I looked into your campaign and it seems that this is happening because of where your canonical tags are pointing, you can see the duplicate pages by clicking on the number to the right side of the link. These pages are considered duplicates because their canonical tags point to different URLs. For example:
http://www.virtualsheetmusic.com/score/PatrickCollectionFlPf.html?tab=mp3(Duplicate 1) is considered a duplicate of
http://www.virtualsheetmusic.com/score/PatrickCollectionVcPf.html?tab=mp3 (Duplicate 2)because the canonical tag for the first page is CANON1(http://screencast.com/t/tqvDZrLsyz8D) while the canonical for the second URL is CANON2 (http://screencast.com/t/FOguPJmK0).
Since the canonical tags point to different pages it is assumed that CANON1 and CANON2 are likely to be duplicates themselves.
Here is how our system interprets duplicate content vs. rel canonical:
Assuming A, B, C, and D are all duplicates,
If A references B as the canonical, then they are not considered duplicates
If A and B both reference C as canonical, A and B are not considered duplicates of each other
If A references C as a canonical, A and B are considered duplicated
If A references C as canonical, B references D, then A and B are considered duplicates
The examples you've provided actually fall into the fourth example I've listed above.Hope that helps,
Best,
Peter
SEOmoz Help Team. -
Thinking furthermore, I don't see how these pages can be considered nearly duplicate since their content is quite different:
http://www.virtualsheetmusic.com/score/PatrickCollectionFlPf.html?tab=mp3
http://www.virtualsheetmusic.com/score/PatrickCollectionFlPf.html?tab=pdf
Thoughts??!!
-
Nobody can tell me why SEOmoz ignore my canonical tag definitions? According to some comments on the following thread:
http://www.seomoz.org/blog/visualizing-duplicate-web-pages
It should actually ignore pages with a canonical tag and NOT mark them as duplicate, but in my experience (as explained above), that's not been the case.
-
Ok, thank you, now I get the point... then here is my next question: is there a way to tell SEOmoz bot to ignore duplicate page with a defined canonical tag? If not, the SEOmoz duplicate page report is useless for me. I am not interested to know about duplicate page for which I have already defined a canonical tag for.
Thanks!
-
Canonical lets you pick which of the duplicates will be indexed. But Google still has to crawl the other pages when they could be crawling other parts of your site. It's an opportunity cost. If you can accept slower crawls, you can ignore the issue.
-
I am sorry, but I don't understand your point. If two pages are similar, we can use the canonical tag to "consolidate" them and avoid duplicate issues. Am I right? Or what are canonical tags for?
-
While I agree that SEOMOZ should better categorize duplicates that are canonical, the reason they still tell you it's duplicate is crawl budget. Remember, Google still has to crawl these duplicate pages and they could be crawling something else instead. Canonical only helps by letting you pick which duplicate content gets indexed. It's better to not have duplicate content than to have canonical duplicates.

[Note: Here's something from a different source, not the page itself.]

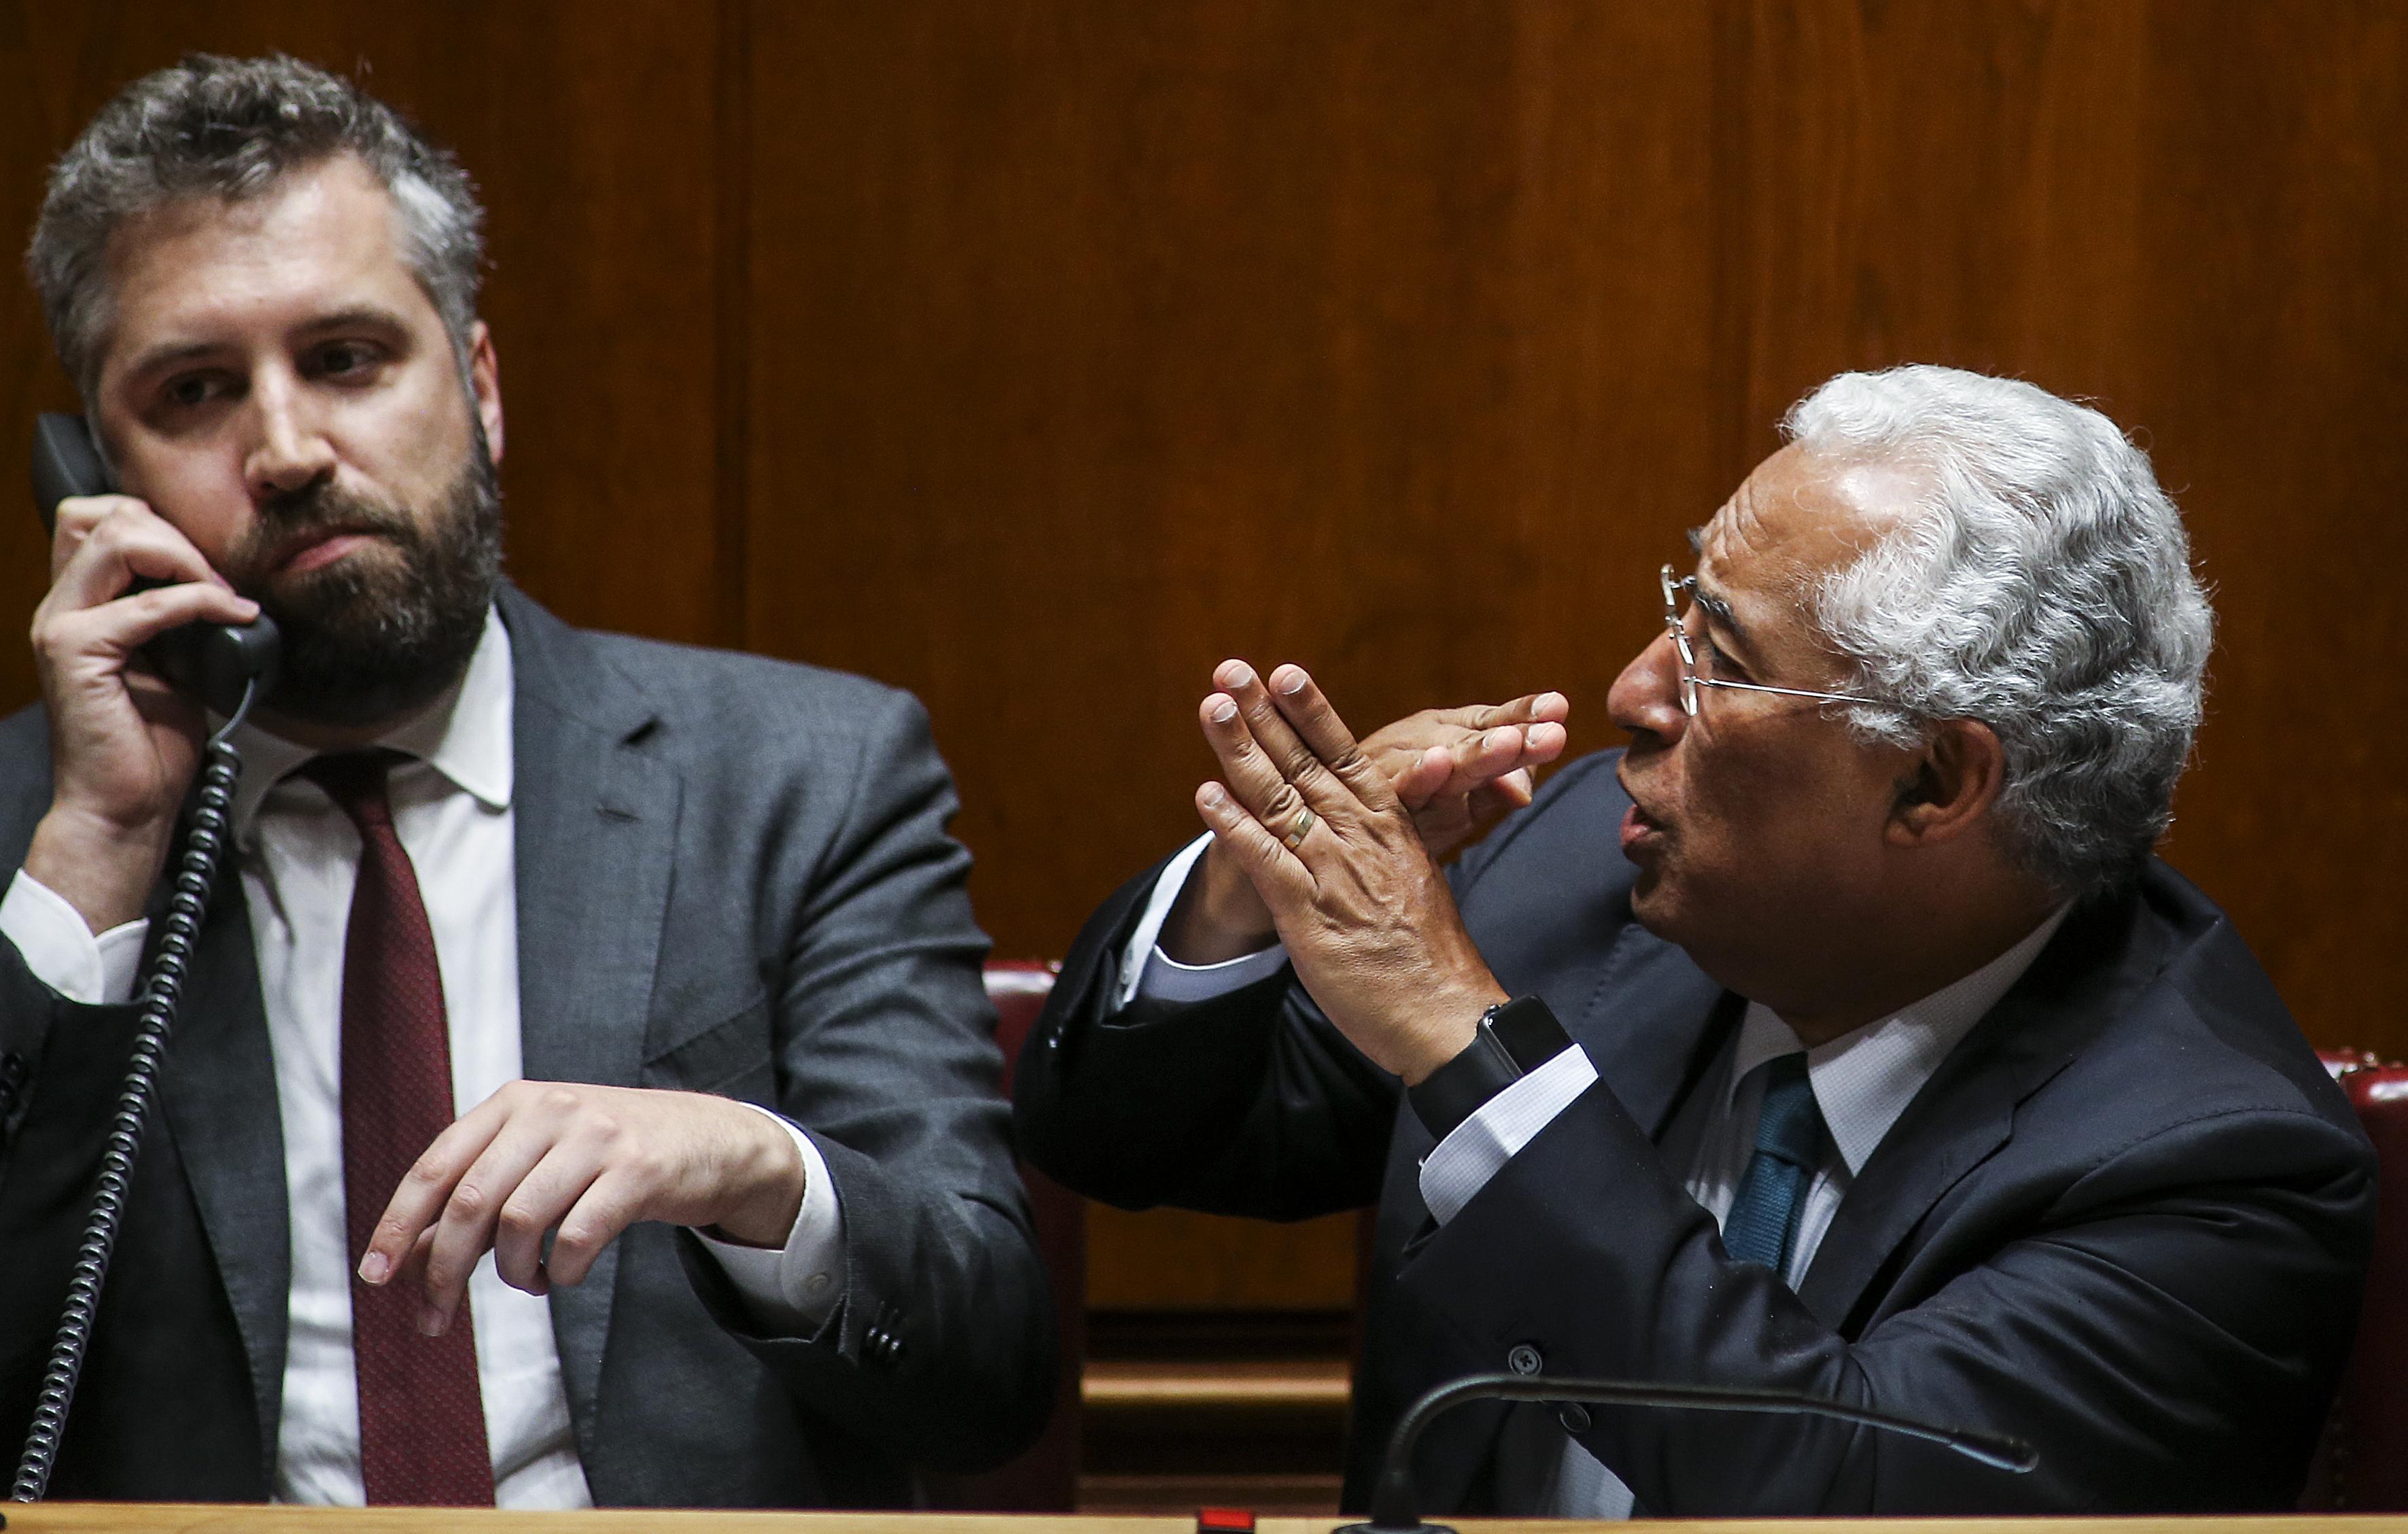 PSD acusa António Costa de regressar

Got a burning SEO question?
Subscribe to Moz Pro to gain full access to Q&A, answer questions, and ask your own.
Browse Questions
Explore more categories
-
Moz Tools
Chat with the community about the Moz tools.
-
SEO Tactics
Discuss the SEO process with fellow marketers
-
Community
Discuss industry events, jobs, and news!
-
Digital Marketing
Chat about tactics outside of SEO
-
Research & Trends
Dive into research and trends in the search industry.
-
Support
Connect on product support and feature requests.
Related Questions
-
Multiple h1 tags on this html 5 page a issue?

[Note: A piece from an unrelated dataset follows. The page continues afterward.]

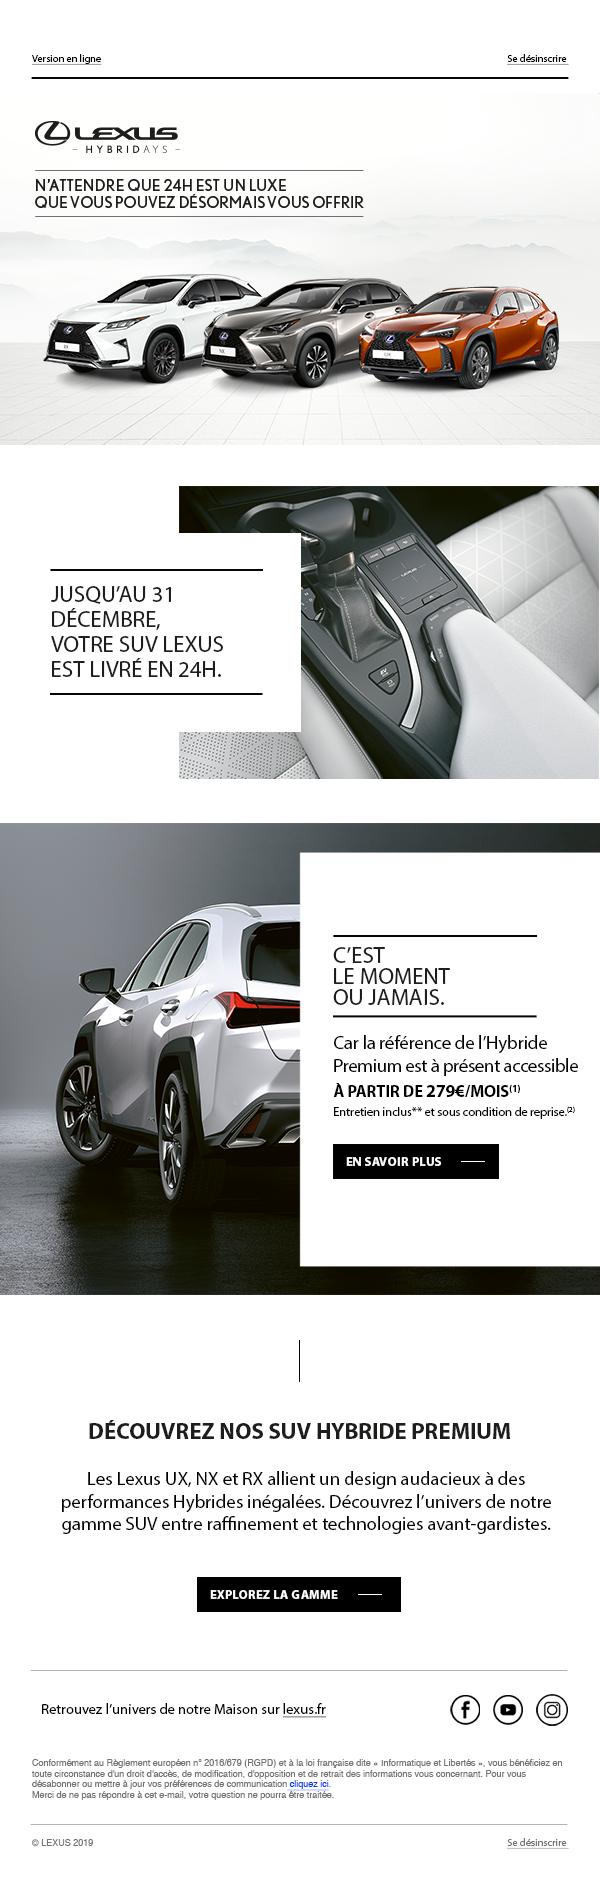 Emailing_Lexus_hybridays_V4 copie

Hi Guys, I have a html5 page located here: https://tinyurl.com/yc6s3xs2 I know from some online discussions having multiple h1 tags on HTML 5 pages like this, shouldn't be an issue. Any thoughts on this? Cheers,
Intermediate & Advanced SEO | | bridhard80 -
How and When Should I use Canonical Url Tags?

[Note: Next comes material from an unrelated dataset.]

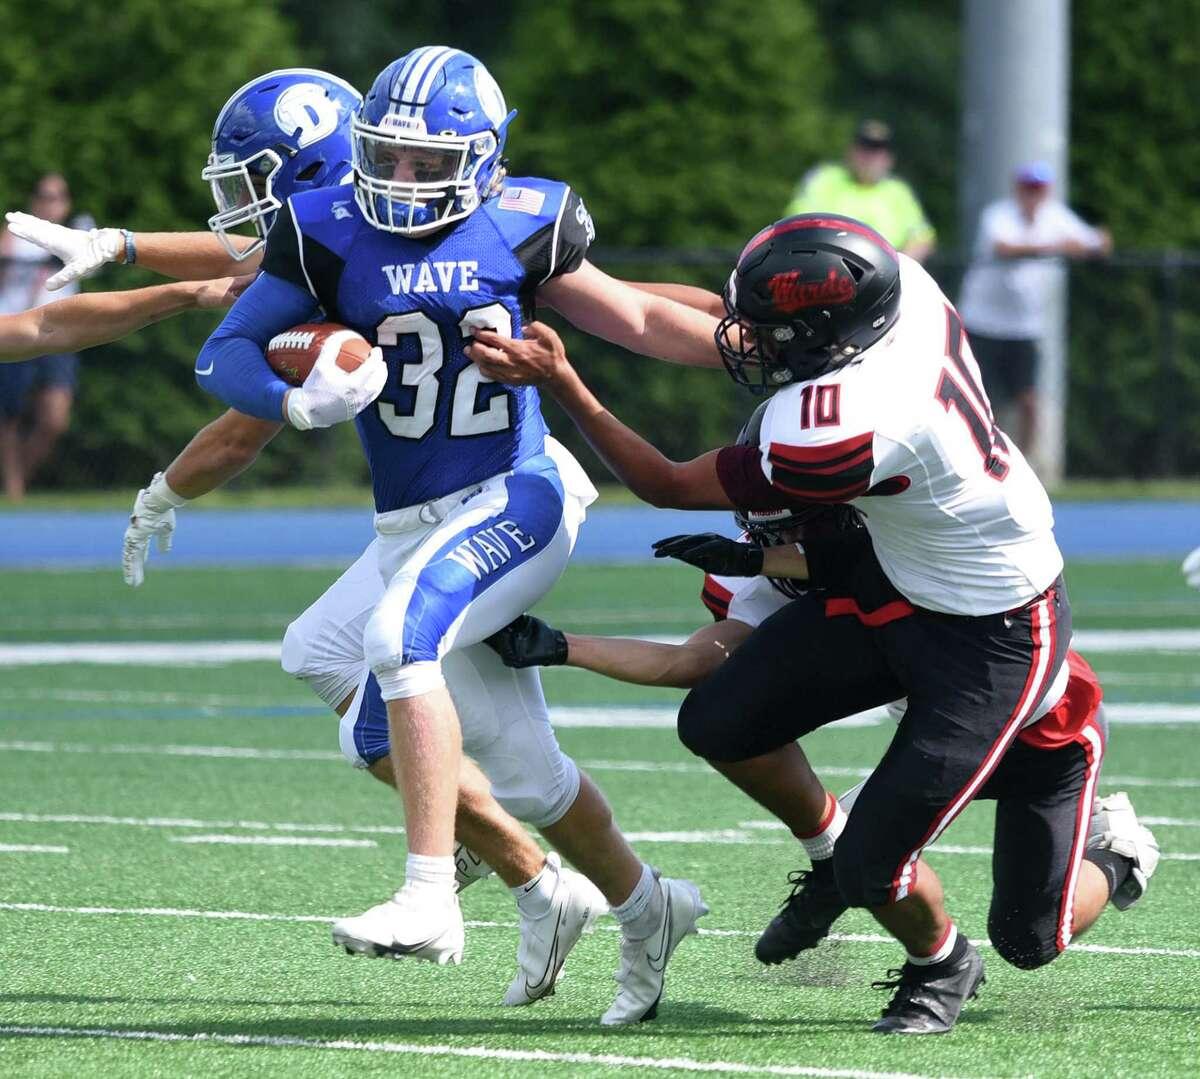 Darien running back Tighe Cummiskey (32) battles Warde's Anwar Sakly (10) during a football game at Darien High School on Sat., Sept. 11, 2021.

Pretty new to the SEO universe. But I have not used any canonical tags, just because there is not definitive source explaining exactly when and why you should use them??? Am I the only one who feels this way?
Intermediate & Advanced SEO | | greenrushdaily0 -
Should I be using meta robots tags on thank you pages with little content?
I'm working on a website with hundreds of thank you pages, does it make sense to no follow, no index these pages since there's little content on them? I'm thinking this should save me some crawl budget overall but is there any risk in cutting out the internal links found on the thank you pages? (These are only standard site-wide footer and navigation links.) Thanks!
Intermediate & Advanced SEO | | GSO0 -
Duplicate Content Pages - A Few Queries..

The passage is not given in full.